While many of these concerns and inequalities have been aired over decades, COVID-19 has reinforced the urgent need for resolution.


2)      How should additional funds for the adult social care sector be raised?


The question as to the basis of social care funding needs to be considered first.  Healthcare is free at the point of need.  NorCA would argue that social care should be funded on the same basis:  a universal service free to all who need it and funded – as with the NHS – from central taxation/national insurance contributions.


If the current system of means and thresholds is to continue, then the same principles still apply.  Social Care funding should not be dependent on local authority priorities.  Recipients of social care services should not be dependent on a postcode lottery.  If the 2014 Care Act is to have meaning then as a national system, it should be nationally funded.



3)      How can the adult social care market be stabilised?


A sustainable and vibrant provider market delivering high quality care needs confidence in supply.  It also needs reassurance that the commissioned rate accurately reflects the cost of care being commissioned and allows for service and infrastructure development as part of those costs.


The assessment process, the funding formula for cost of care and the commissioning/contracting process need to be transparent.  And the commissioning should be outcomes based and not task focused in line with the vision of the 2014 Care Act.


Where there are environmental challenges (rurality/transport distances/specific needs/availability of staff/) there should be discretion for individual negotiation and amendment to standard contracts.

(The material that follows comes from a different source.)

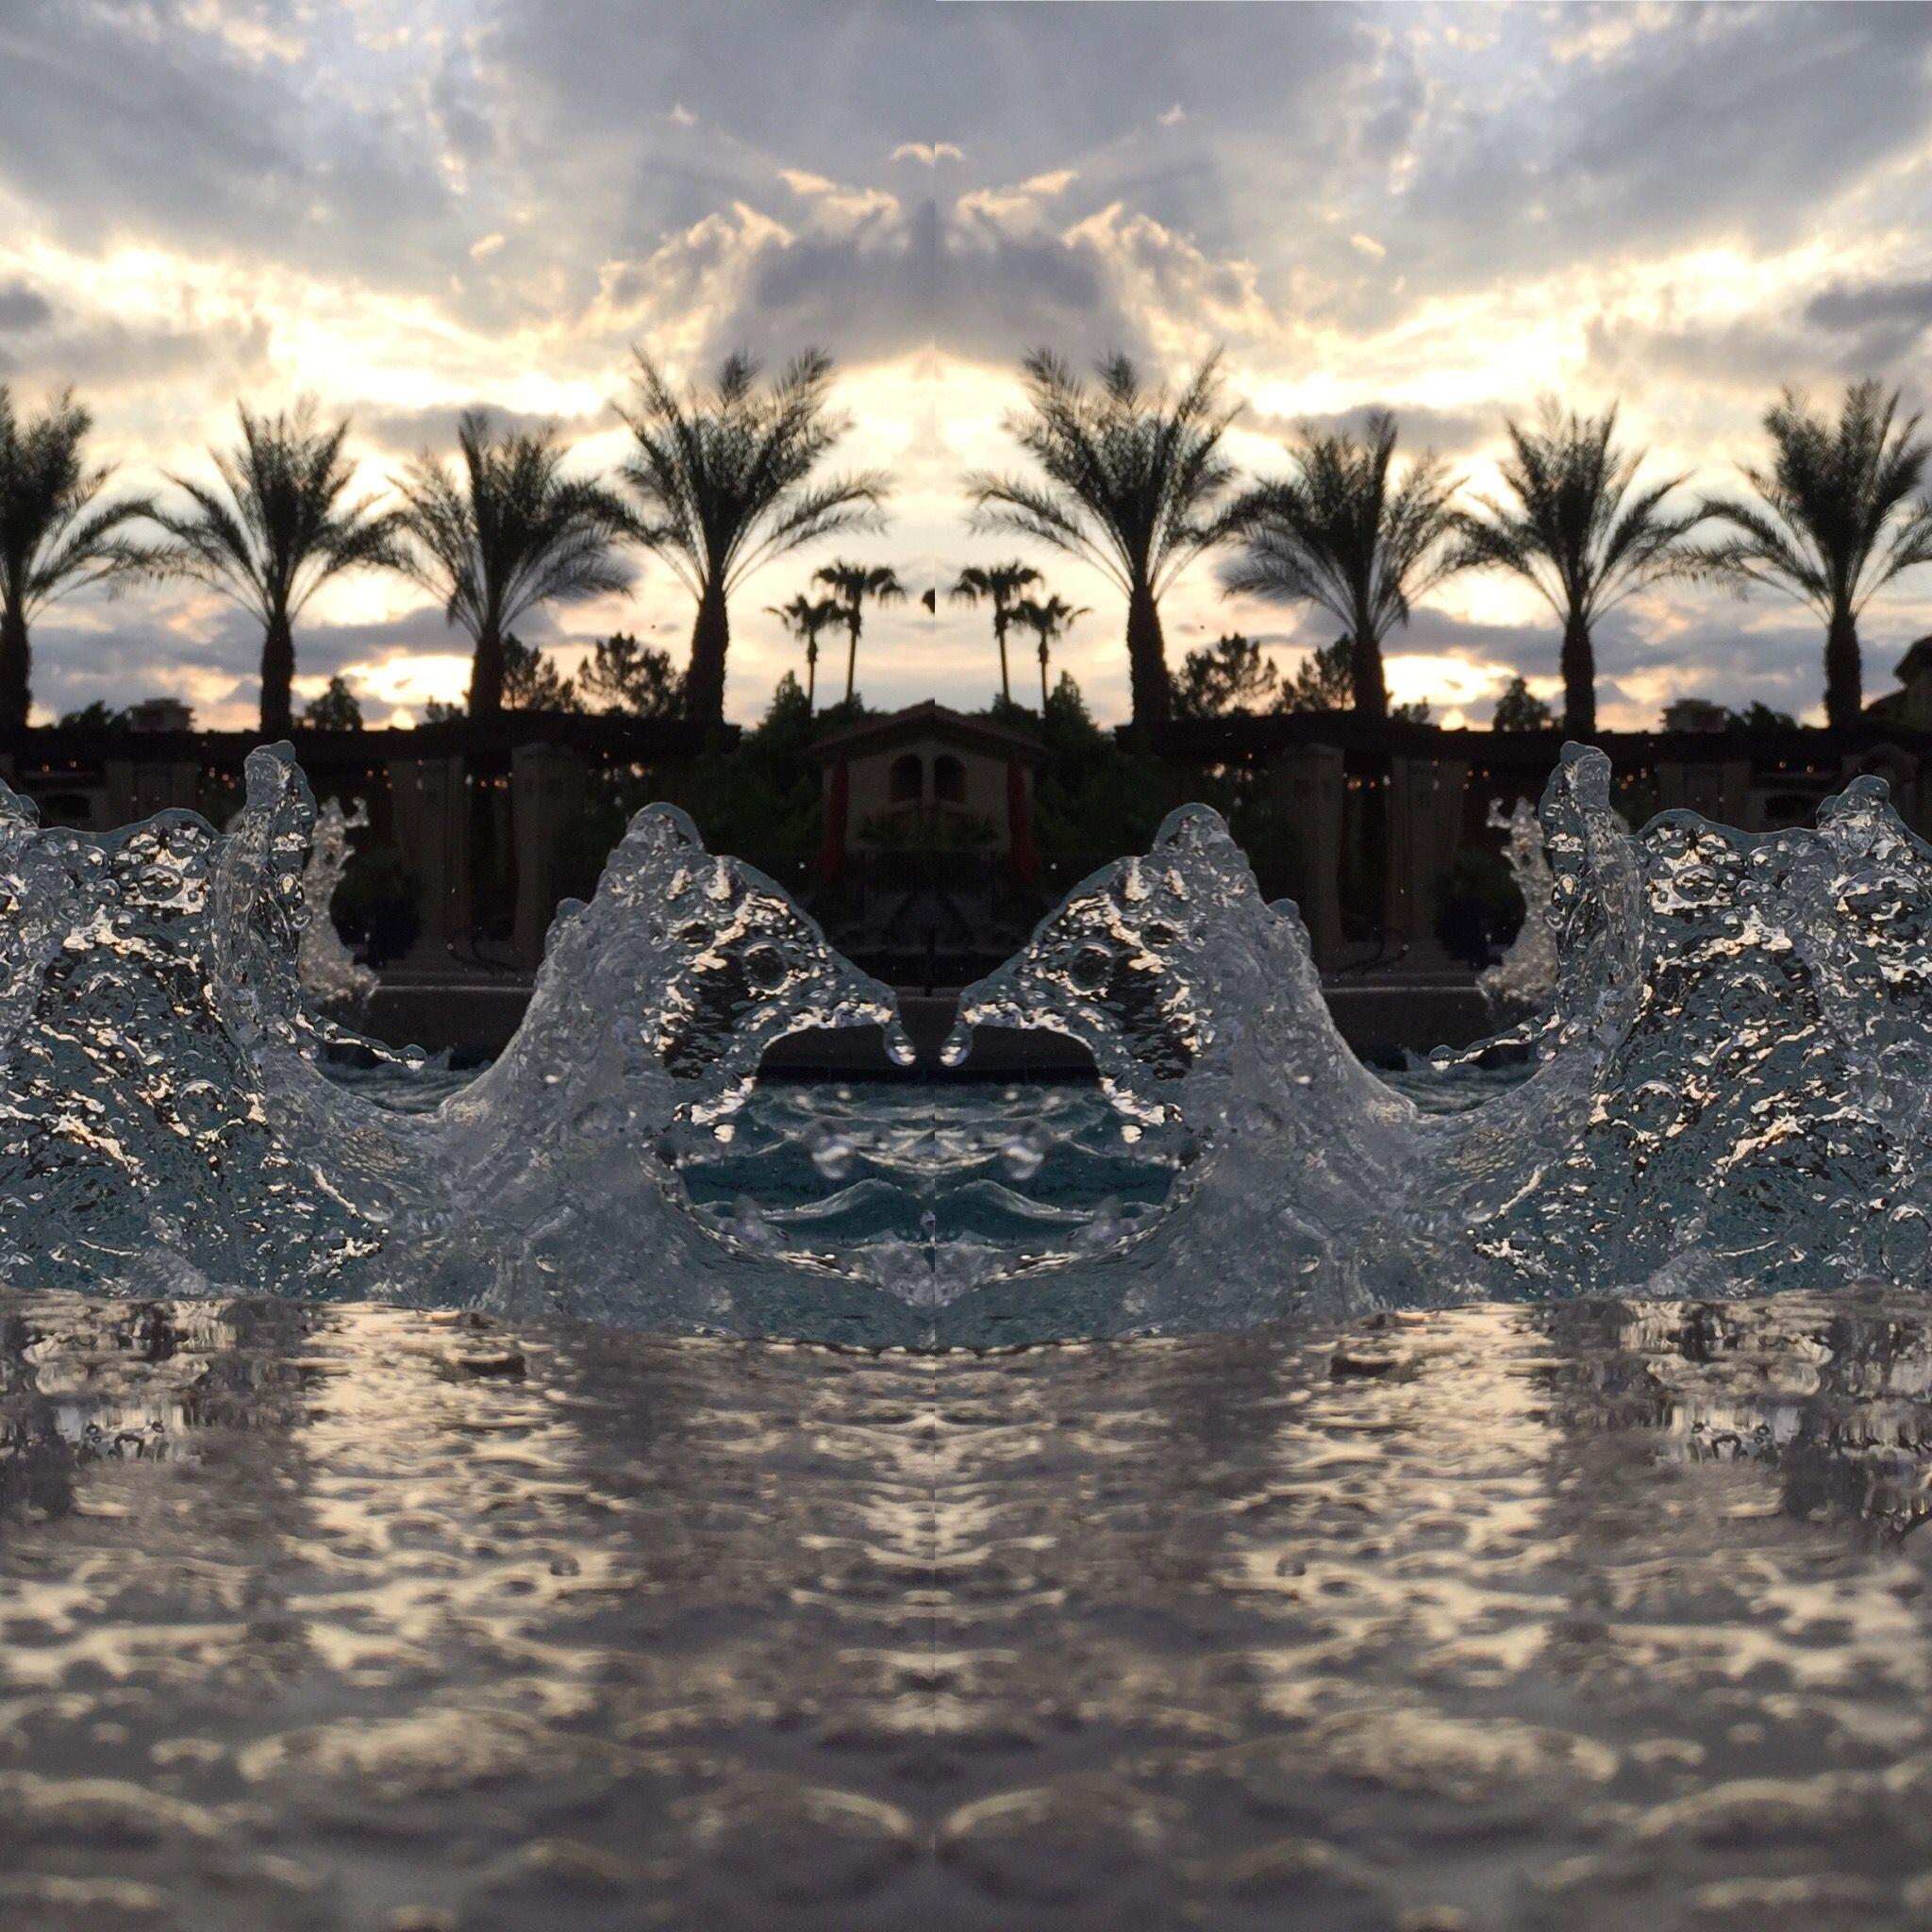 San Tropez Apartment Homes 2700 North Hayden Rd Scottsdale Az 85257 844 641 4106 Santropezlsg Nals Com Scottsdale Private Patio San
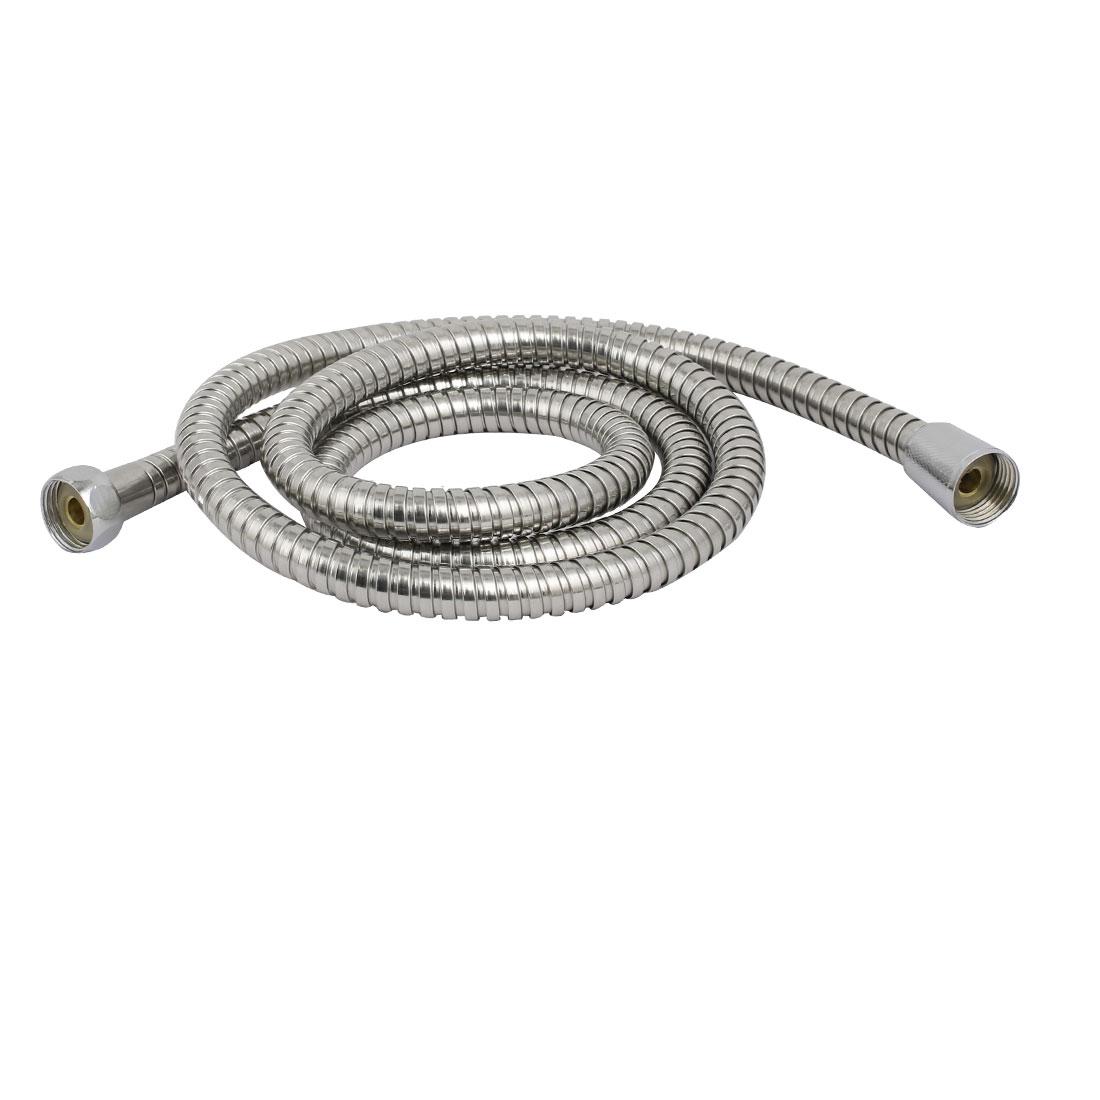 1.5M Length 304 Stainless Steel Flexible Handheld Shower Hose Plumbing Fitting

At the same time the adult social care market needs flexibility to move between different types of provision without over-burdensome regulation and bureaucracy and should be incentivised to offer unique and innovative solutions to intractable problems.  We need to start thinking more about commissioning whole life services that allow the mix of independence, care and support to change in line with the needs of the individual.


A national pay framework that addresses the disparity in pay, job security and terms and conditions amongst those working for the NHS, the local authority and independent providers would help to stabilise the workforce, reduce churn and aid retention.



4)      How can the adult social care market be incentivised to compete on quality and/or innovation?


There are three elements to our response.  The first is around a culture of trust and transparency between commissioners and providers and in the commissioning process.  This culture would include a genuine and proven receptiveness to ideas and innovations and a desire to co-produce new models of care.


The second is around what is commissioned (ie outcomes, not activity) and the criteria/weighting used to give providers an opportunity and incentive to be creative.


The third is that we cannot escape the fact that social care is and has been for many years underfunded.  Good quality care will not be possible at any price.


Finally it is important that mixed messages are not inadvertently sent.  If quality is king then those that that deliver quality (however this is measured) should be rewardedA provider rated outstanding should be clear how their hard work to achieve great standards is being recognised.